I haven't seen anything like that in the last couple years I've been running it
yeah i think this is isolated to their smaller size switches
since linus tech tips would have said something
this is a 24 port poe switch
don't remember exactly which one
the older one that still had fans
I'm really wondering if it's cpu contention though, I know nfs wants 1 thread per cpu you have and I only have 4 cores on the vm
I thought I had 12

I can't find anything about nfs system requirements on reputable websites
but this might be useful in the future when it locks up

Ubuntu Server
Network File System (NFS)
NFS allows a system to share directories and files with others over a network. By using NFS, users and programs can access files on remote systems almost as if they were local files. Some of the mo...
truenas defaults to 1 per core, I've never tried going over that
but I have ~40 unused cores left on that host so I'm happy to up it just to be safe
i recall some disk io bottlenecks related to backup processes running at the same time as immich, the storage template migration slows down considerably but gets there eventually.

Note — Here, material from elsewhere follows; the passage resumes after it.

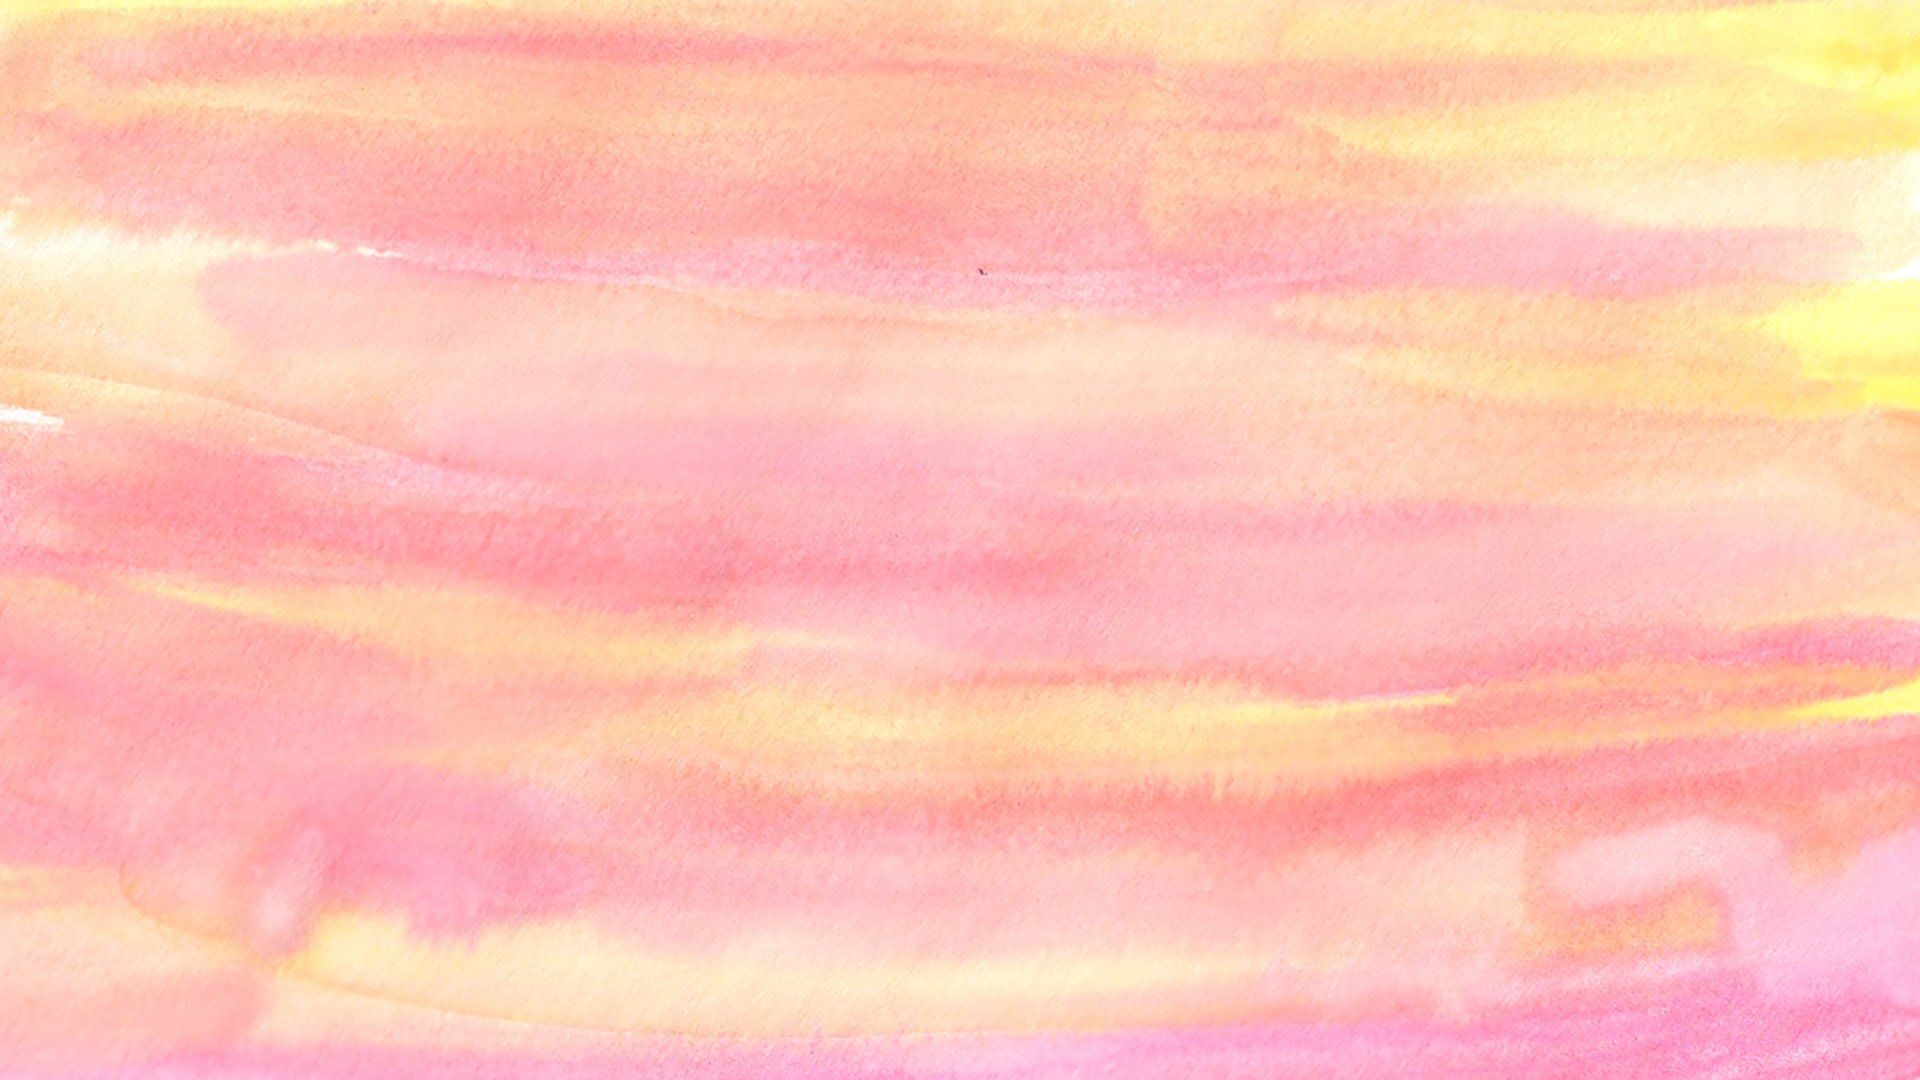 A watercolor background with a mix of pink and yellow colors - Pastel

borgmatic was going ham xD
more info, it hung again on the first upload after increasing the cpu cores for truenas, so I guess that wasn't helpful
checking
nfsstat -c
on the vm running immich I see rename operations incrementing pretty fast
to try eliminating everything else I tainted the node and evicted everything else, sadly immich restarted in that process and of course got unstuck. If it happens again soon hopefully I can get some better data
That was fast, it's stuck again and is the only thing of note running on the node
renames are incrementing relatively fast again
I have a feeling it's stuck trying to rename an image when it can't because it wants to rename across mount points
umm, I guess all the renames are coming from this:it's renaming all my files with a duplicate extension which feels wrong but maybe unrelated(?)
Those seem like a bug but not the cause of the slowness because they would likely be new in 1.130
should I write up an issue for it?
Are the files actually being renamed? Can you show the database entry of one of them?
Here's the folder
some definitely are, others not
can you get the asset id for one of them and run in the database
select * from assets where id = 'idhere';
https://immich.app/docs/guides/database-queries/here's the query
can you open an issue with these details please
sure thing
It looks like there is an issue with all the live photos that have both a video and photo component
https://github.com/immich-app/immich/issues/17176
on a positive note, if I have to reupload all of my images to fix this, it will mean I likely trigger the nfs hang again so I can troubleshoot that easier
Looks like my issue got closed before I could provide evidence that it isn't limited to just immich-go uploads. I'm not sure if closed issues get monitored, but I provided a screenshot of a more recent image uploaded via iOS with the same problem. Can someone with permission to, please reopen the issue?